IN THE UNITED STATES DISTRICT COURT FOR THE NORTHERN DISTRICT OF ILLINOIS EASTERN DIVISION
February 24, 2012
UNITED STATES EX REL. DONNIE BAKER (#K76218), PETITIONER,
BRADLEY J. ROBERT, WARDEN, CENTRALIA CORRECTIONAL CENTER, RESPONDENT.
The opinion of the court was delivered by: Amy J. St. Eve, District Court Judge:
MEMORANDUM OPINION AND ORDER
Before the Court is pro se Petitioner Donnie Baker's petition for a
writ of habeas corpus pursuant to 28 U.S.C. § 2254(d).*fn1
For the following reasons, the Court denies Baker's habeas
petition and declines to certify any issues for appeal pursuant to 28
U.S.C. § 2253(c)(2).
Baker does not present clear and convincing evidence challenging the statement of facts in the last state court decision to address his arguments on the merits, which is the Illinois Appellate Court's opinion on direct appeal, and thus the Court presumes those facts are correct for purposes of its habeas review. See 28 U.S.C. § 2254(e)(1); McCarthy v. Pollard, 656 F.3d 478, 483 (7th Cir. 2011). The Court therefore adopts the underlying facts as set forth by the Illinois Appellate Court, Third District, in People v. Baker, No. 3-09-0420 (3d Dist. Apr. 7, 2011) (unpublished).*fn2 The Court first turns to a summary of the evidence presented at Baker's bench trial. See Allen v. Buss, 558 F.3d 657, 659 (7th Cir. 2009).
I. Factual Background
At the 2009 bench trial in this matter, a police officer testified that a search warrant was issued for Katherine Baker's residence because a man who lived there named "D" sold some crack cocaine to the police.
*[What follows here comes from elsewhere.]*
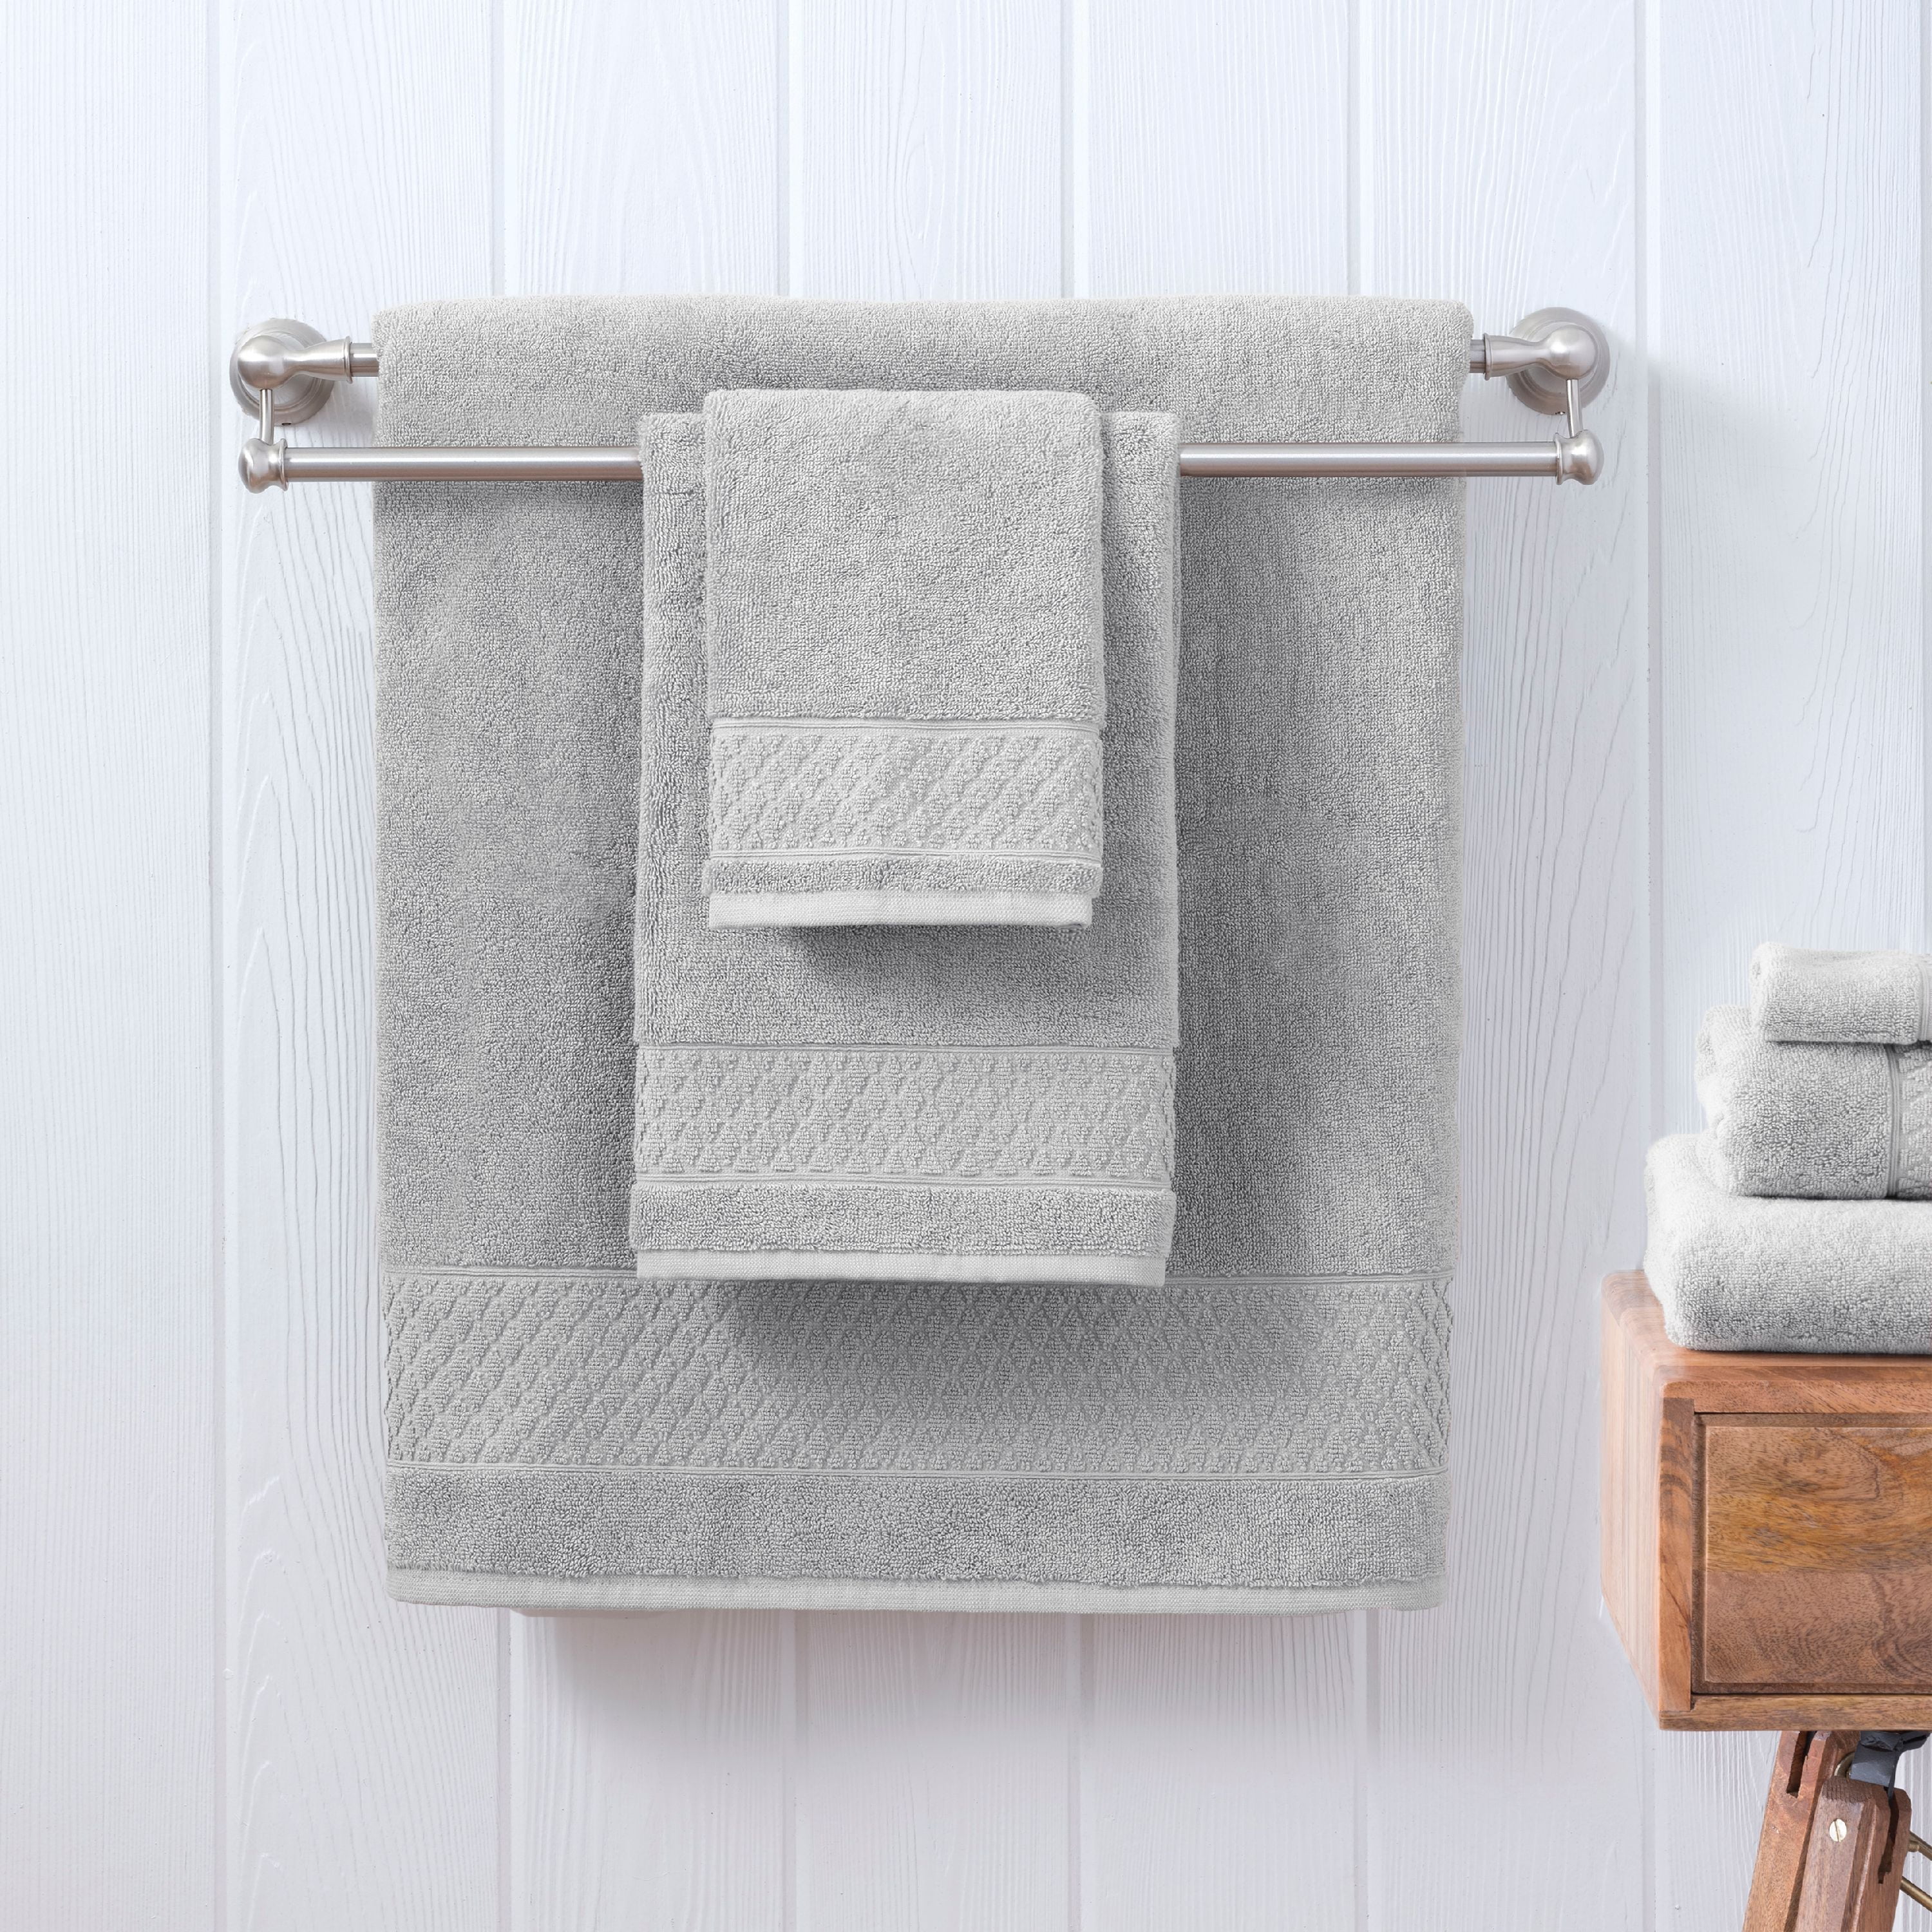 Purely Indulgent 100% Hydrocotton | Includes: 2 Luxury Bath Towels, 2 Hand Towels & 2 Washcloths | Quality, Ultra Soft Towel Set | 6 Piece Set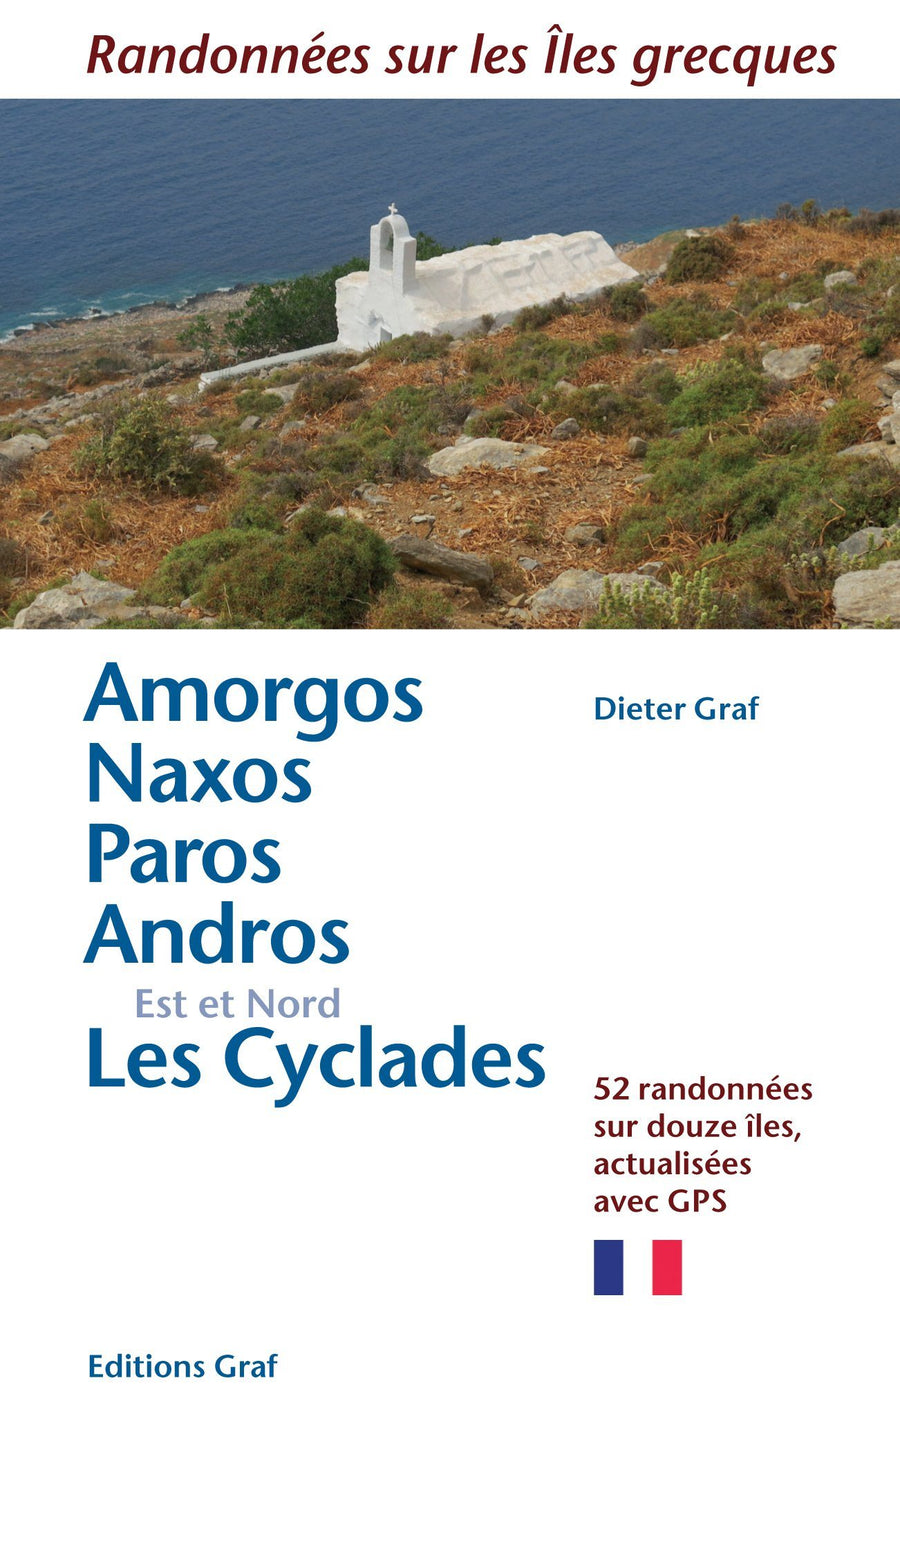 Guide de randonnées - Amorgos, Naxos, Paros, Andros, Est & Nord des Cyclades | Graf Editions guide de randonnée Graf Editions

Katherine Baker, Petitioner's grandmother, testified at trial that Donnie Baker lived with her when the police executed the search warrant on October 21, 2008. Donnie Baker's aunt, Carla Sykes, who also lived with Katherine Baker, testified at trial that when the police executed the warrant, she told them that "D" was Donnie and that he kept a box containing some personal items in a closet.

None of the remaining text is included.